If you are just developing your node app locally, you won't need the nginx reverse proxy and you can just send requests to the node app directly, so only the node container is needed. When you deploy to production, you typically use something like an nginx reverse proxy for various reasons like SSL termination and load balancing. In that case you can deploy the nginx and node containers together.

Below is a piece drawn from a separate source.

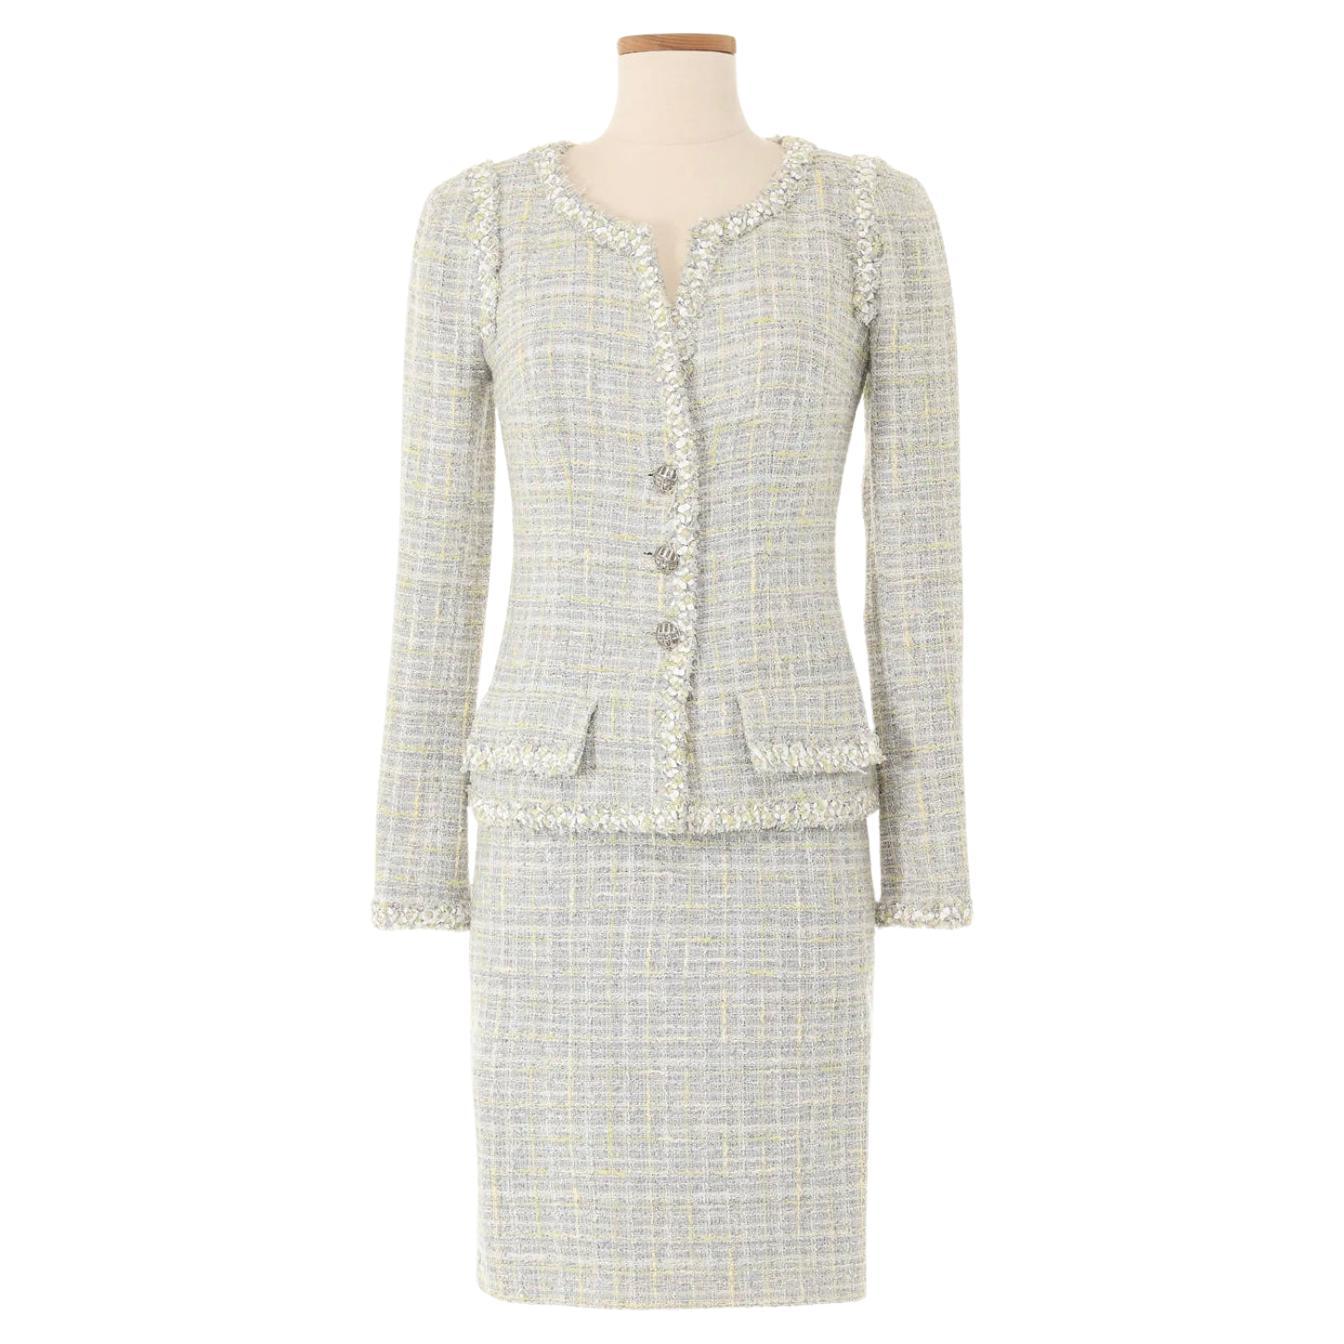 Chanel Spring 2009 Grey Tweed Skirt Suit For Sale
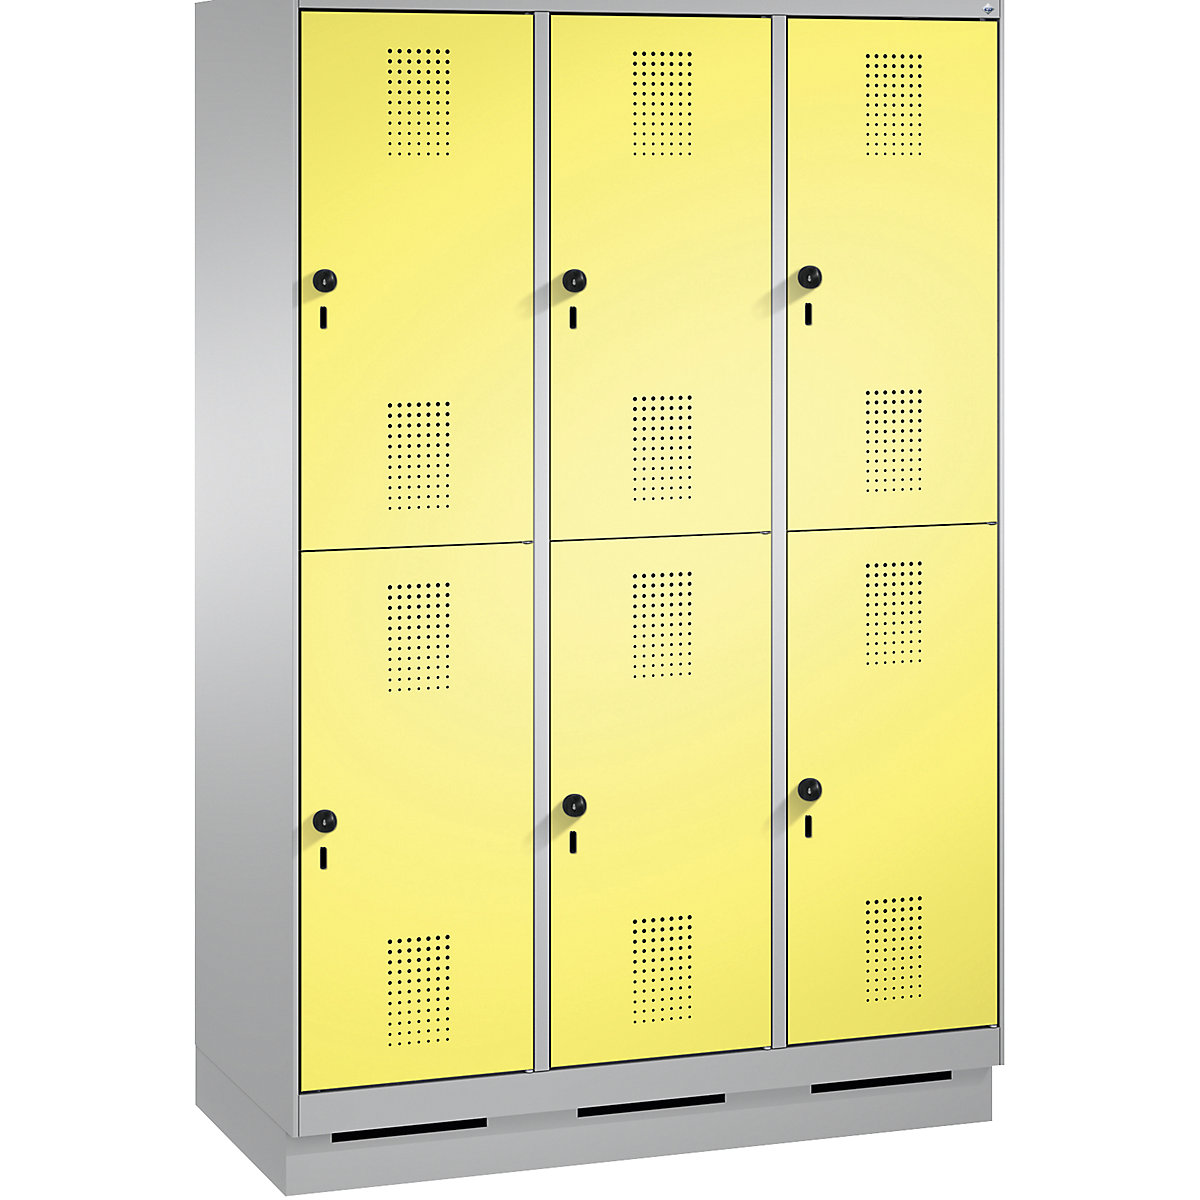 EVOLO cloakroom locker, double tier, with plinth – C+P, 3 compartments, 2 shelf compartments each, compartment width 400 mm, white aluminium / sulphur yellow-16

If you really want to continue with your current approach, then you will probably have to forward the requests to http://localhost instead of http://nextjs, although I don't think that will be the only problem. Node is probably not running within your container either. You start the Node application with CMD [ "pm2-runtime", "start", "npm", "--", "start" ] in a multi-stage docker build and that node image will be discarded. You will have to start your Node application inside the nginx container instead.